Ich Miete ab Jänner eine neue Wohnung, Mietvertrag ist bereits unterzeichnet und soweit auch alles in Ordnung aber in der Anzeige stand von Beginn an, dass eine Gebühr für die Koordination des Mietvertrags, in der Höhe von 150€ + 20 % Ust, eingehoben wird.

Ich weiß, dass es früher oft eine Vergebührung für Mietverträge oder Mietvertragserrichtungskosten gab, laut AK wurden die aber, zumindest für Wohnräume, abgeschafft. Siehe [hier](https://www.arbeiterkammer.at/beratung/konsument/bauenundwohnen/miete/Mietvertragsgebuehr.html).

Ist das trotzdem noch üblich, nur nennt man es jetzt so oder darf diese Gebühr auch unter dem Namen “Koordination Mietvertrag” nicht eingehoben werden?

9 comments
  1. Ich bin vor kurzem auch umgezogen und habe auch ~150€ für die “Vertragserstellung” gezahlt. Leider erst im Nachhinein draufgekommen, dass diese Gebühren abgeschafft worden sind (OP’s link). Die Vermieter probieren es trotzdem noch immer (wer hätte das gedacht).

    Die meisten Leute haben Sorgen, die Wohnung nicht zu bekommen sollten sie diese illegale Gebühr nicht zahlen. In deinem Fall ist der **Mietvertrag bereits unterzeichnet,** somit würde ich, mit Verweis auf die Infos der AK, die **Bezahlung der Gebühr schriftlich verweigern**.

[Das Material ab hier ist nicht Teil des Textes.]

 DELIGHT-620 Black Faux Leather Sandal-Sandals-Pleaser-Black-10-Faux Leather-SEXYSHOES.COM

    Letzter Tipp: Bitte tritt unbedingt einer Mietervereinigung bei ([link](https://mietervereinigung.at/)). Besonders wenn dein*e Vermieter*in schon von Anfang an illegale Gebühren verlangt.

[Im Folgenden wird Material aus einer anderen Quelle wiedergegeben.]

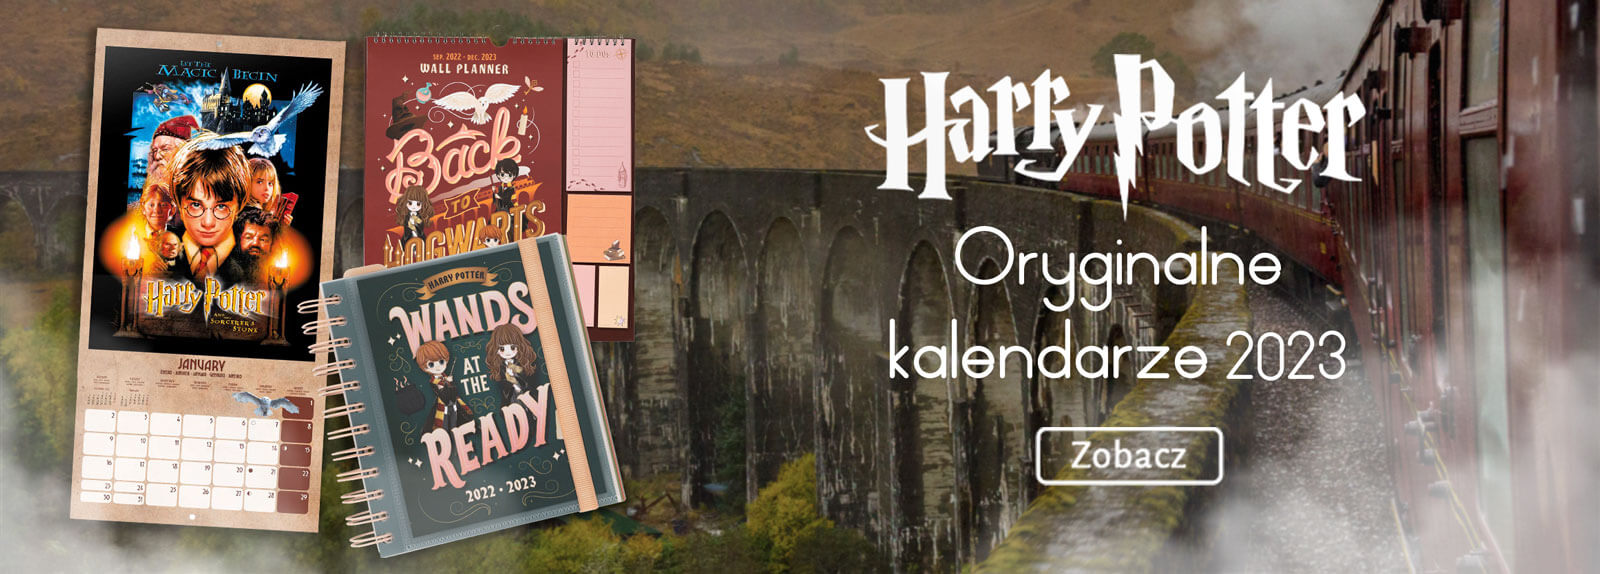 Kalendarze i dzienniki na 2023 rok dla fanów Harry Pottera

  2. >Vergebührung für Mietverträge

    Nur zur Erklärung, das war eine öffentliche Abgabe (sowas wie eine Steuer, Studiengebühren, Stempelmarken, oder meinetwegen die GIS) die auf Mietverträge beim Finanzamt zu bezahlen war, die grundsätzlich der ~~Vermieter~~ edit: Mieter zu bezahlen hatte. Das Geld hat auch der Staat bekommen, nicht der Vermieter. Diese Gebühr wurde abgeschafft.

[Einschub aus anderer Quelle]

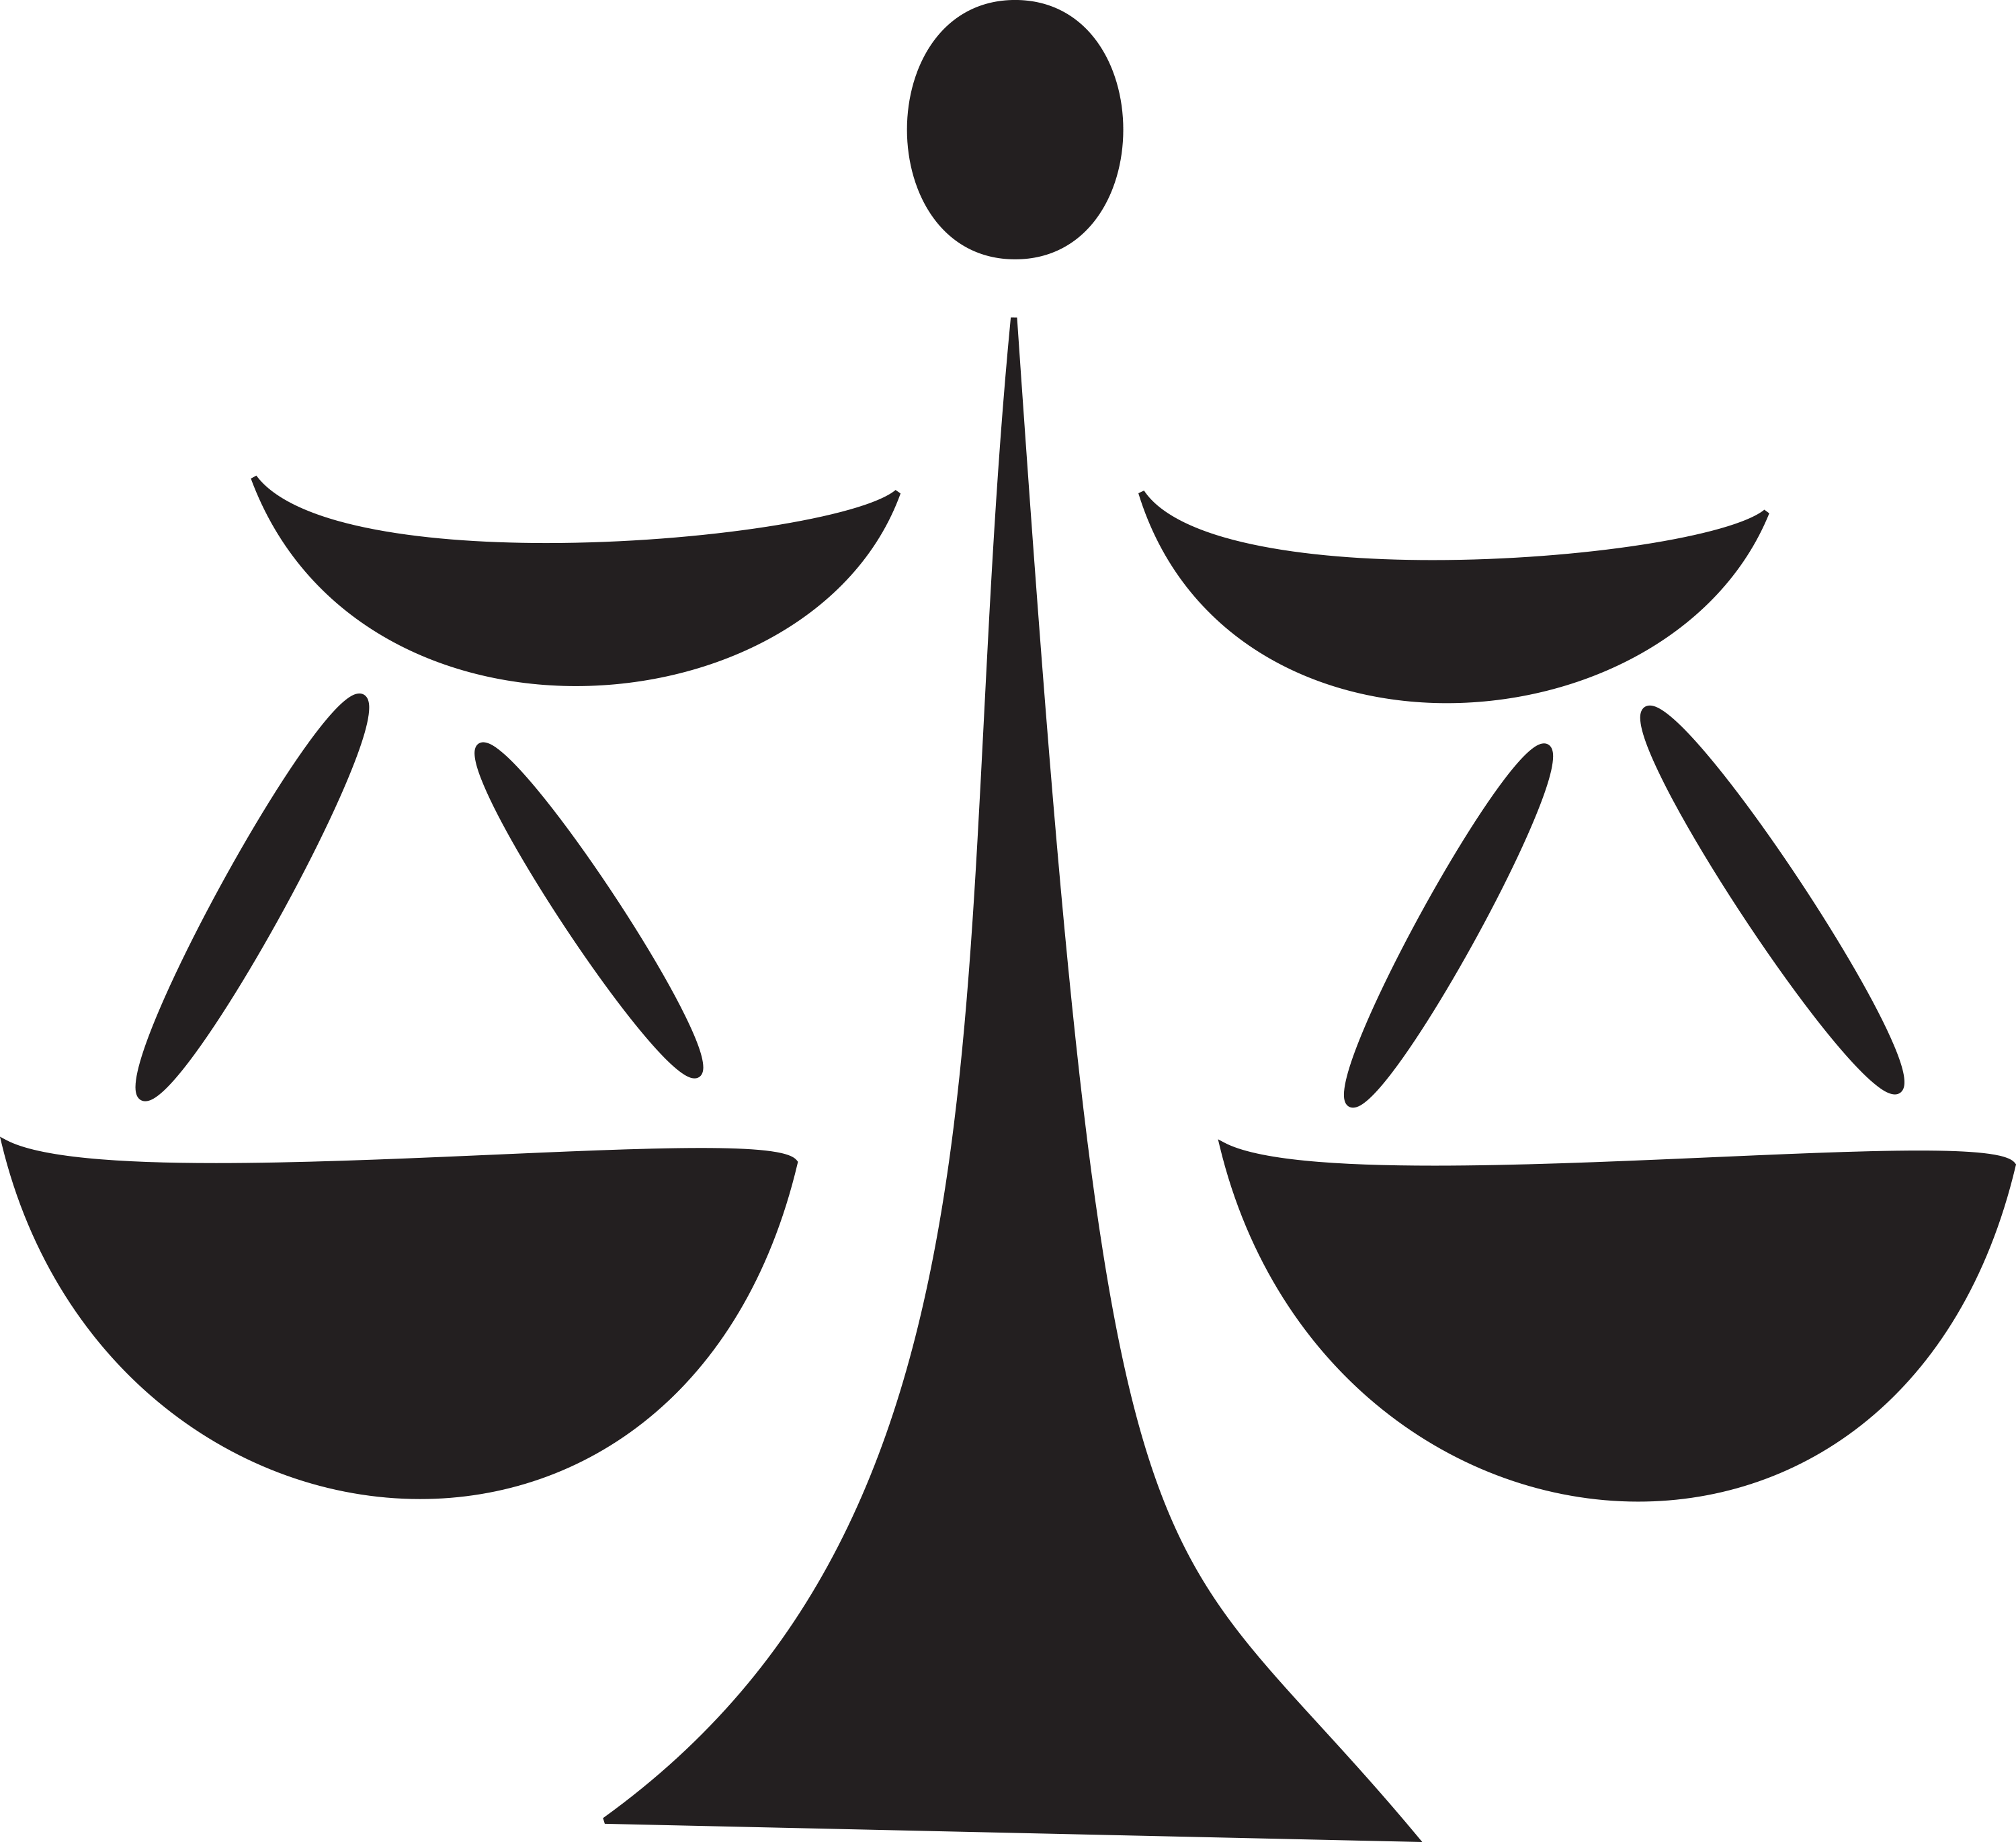 illustration-of-a-justice-symbol-SBI-300691692.png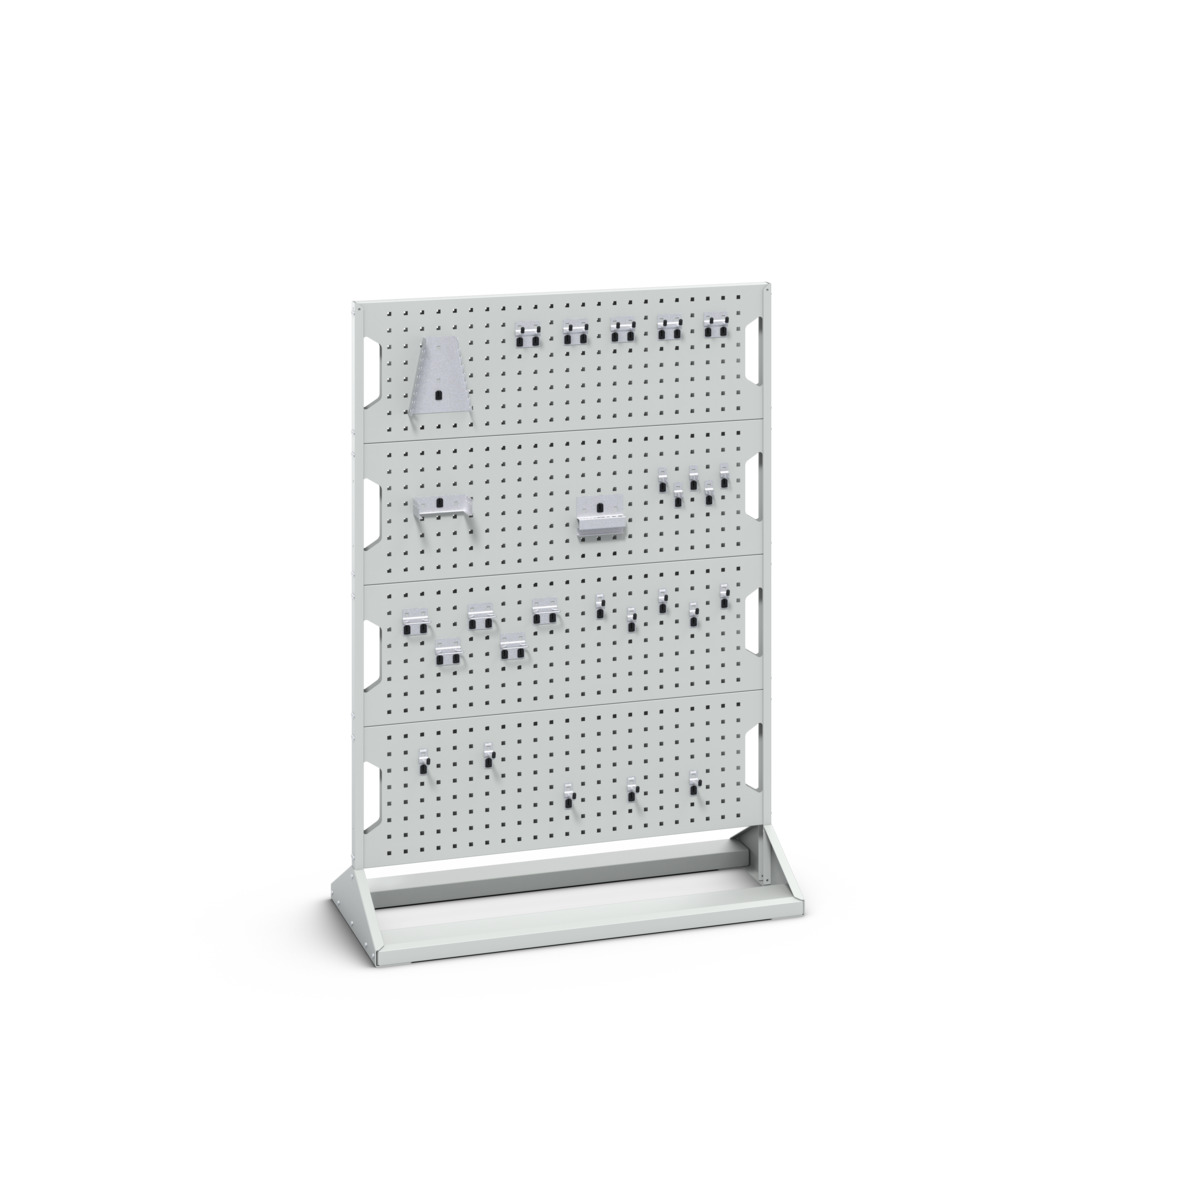 16917201.16V - perfo panel rack double sided & hook kit

    Was OP beschreibt, scheint eine zivilrechtliche Forderung zu sein, also der Vermieter verlangt einfach mehr Geld, ~~und nennt als Grund den Aufwand, den das Erstellen eines Mietvertrags (???) ihm verursacht. Ich bin jetzt kein Spezialist für Nebenabreden im Mietrecht, ich persönlich würde aber keinen Grund kennen, wieso das jedenfalls unzulässig sein soll.~~

    edit/Nachtrag: Im Hinblick auf die Antworten ergänze ich, dass bei Anwendung des KSchG das dann schon unzulässig sein könnte, ~~wenn dem tatsächlich keine (nicht sowieso vertragstypsiche) Gegenleistung des Unternehmers gegenübersteht. (Ob dem so ist, legt OPs Post zumindest nahe).~~

    Außerdem scheint sich die Rechtsmeinung durchgesetzt zu haben, dass dies von § 27 Abs. 1 Z 1 MRG verboten ist, dh es kommt nur bei Mietverträgen im Vollanwendungsbereich des MRG zur Anwendung (das betrifft OP eben nicht).

    Für weitere Details zur Gebührenschuld siehe das Posting von u/tomate44

  3. Kurz gesagt im Vollanwendungsbereich des MRG per OGH Entscheid verboten.

    Im ABGB Bereich erlaubt und leider nicht unüblich

  4. Mich würde brennend interessieren, welche effektive Arbeitsleistung da dahinter steckt, außer dass man in einen 08/15 Vordruck, den man für warscheinlich 90% der Objekte verwendet, einfach nur andere Adressdaten und Namen einfügt.

  5. Solche Kosten *können und dürfen* verlangt werden, sofern du nicht im ***VOLLANWENDUNGSBereich*** des MRG bist. Teil oder Ausgenommen kann und wird auch verlangt.Dies hat *nichts* mit der früheren Vergebührung zu tun, die gibts nicht mehr.Ob die Kosten gerechtfertigt sind oder nicht, sei mal dahingestellt. Aber wenns von Anfang an kommuniziert wurde, ist es zumindest nichts unbekanntes was dann plötzlich daherkommt.

  6. Ehrlich gesagt würde es mich nicht wundern, wenn Makler dann in Zukunft auch eine “Besichtigungsgebühr” für Wohnungen verrechnen. Irgendwo muss das Geld schliesslich herkommen.